The current underground parking facility at the site is currently accessed from Homer Street, but a new replacement two-level underground parking facility will have a vehicle entrance from the back lane.

While the project is located on Homer Street, its address is 401 West Georgia as it is considered as an expansion of the commercial building complex that begins on the southern end of the city block. No rezoning is required as additional density is permitted at the site.

The proposed building has a height of approximately 139 feet, well below view cone height limitations that restrict any development on the site to no higher than 300 feet. But proponents say “the proposed building height is capped to fit into the urban fabric.”

Inspiration for both the massing and the facade is based on the adjacent cathedral, Labour Temple commercial building, and the old Canada Post building, which will be redeveloped into a major mixed-use project with residential, retail, and office. Additionally, the building’s office spaces are specifically designed for tech tenants.

“The design is inspired by the urban loft and industrial conversions. Vancouver is undergoing a market renaissance with a strong growth in the tech sector,” reads the architect’s rationale.

“These tech clients are looking for industrial style, creative design, but also modern amenities and building efficiencies that older retrofits simply cannot provide.

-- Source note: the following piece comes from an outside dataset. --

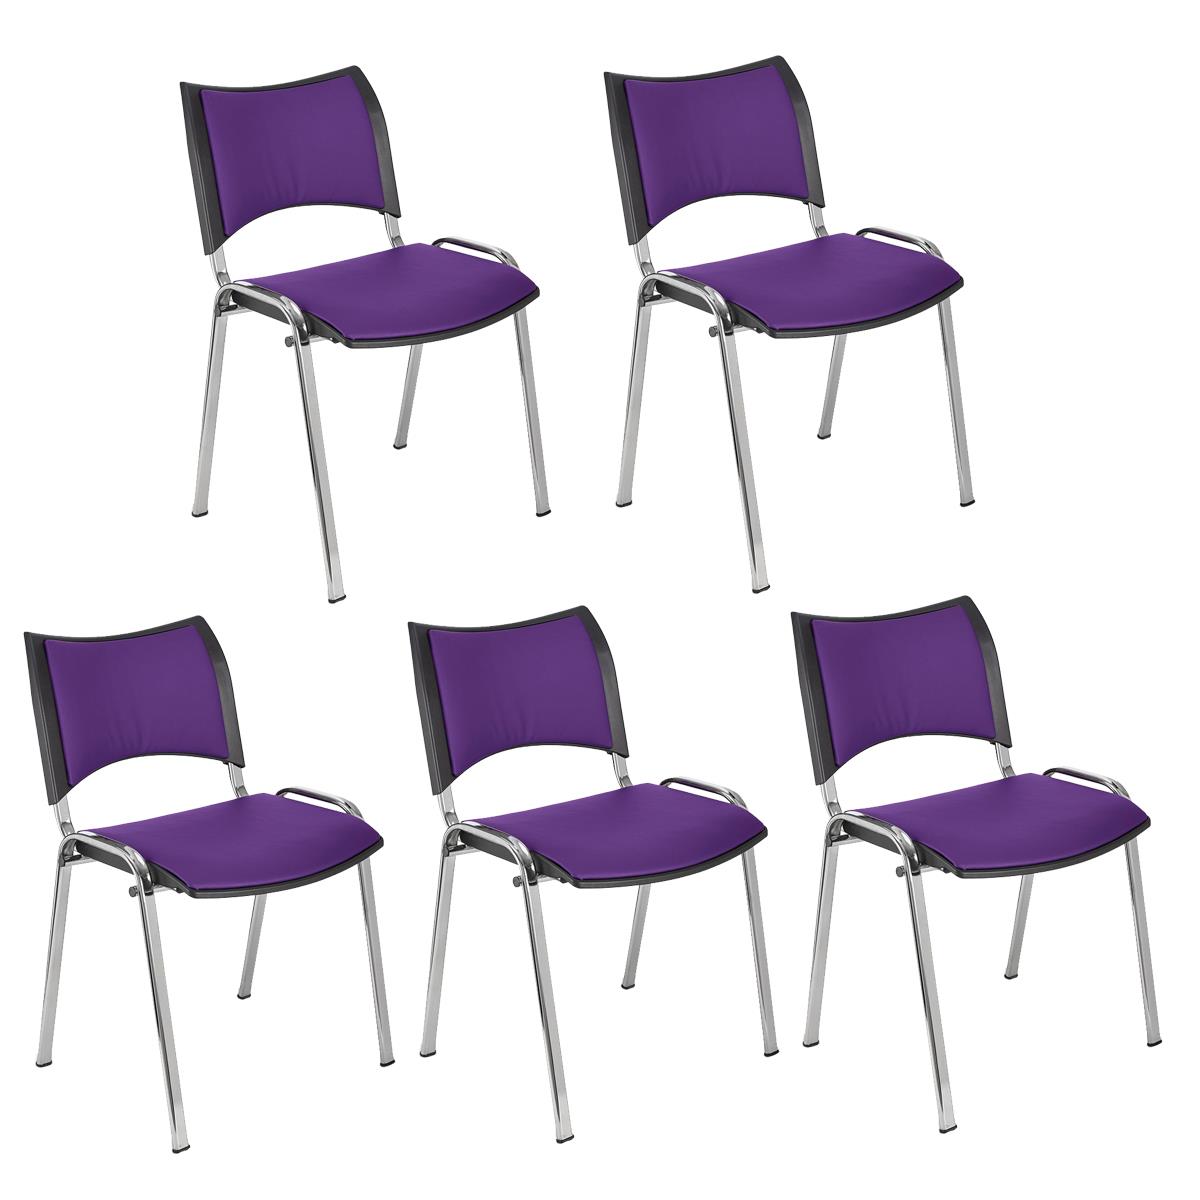 Lote 5 Cadeiras de Visita ROMEL PELE, Prática e Empilhável, Pernas Cromadas, Roxo

Oxford believes an urban loft is a good concept for this location and tenant type.”

Infill developments such as 401 West Georgia and major redevelopment projects at the old Canada Post building and Hudson’s Bay parkade as well as the relocation of the Vancouver Art Gallery to a new facility at Larwill Park will help expand downtown Vancouver’s Central Business District eastwards.

Artistic rendering of the proposed building on Dunsmuir Street across the street from Cathedral Square. (B+H Architects / Oxford Properties Group Inc.)

Artistic rendering of the outdoor space between the existing tower on the city block and the new proposed building. (B+H Architects / Oxford Properties Group Inc.)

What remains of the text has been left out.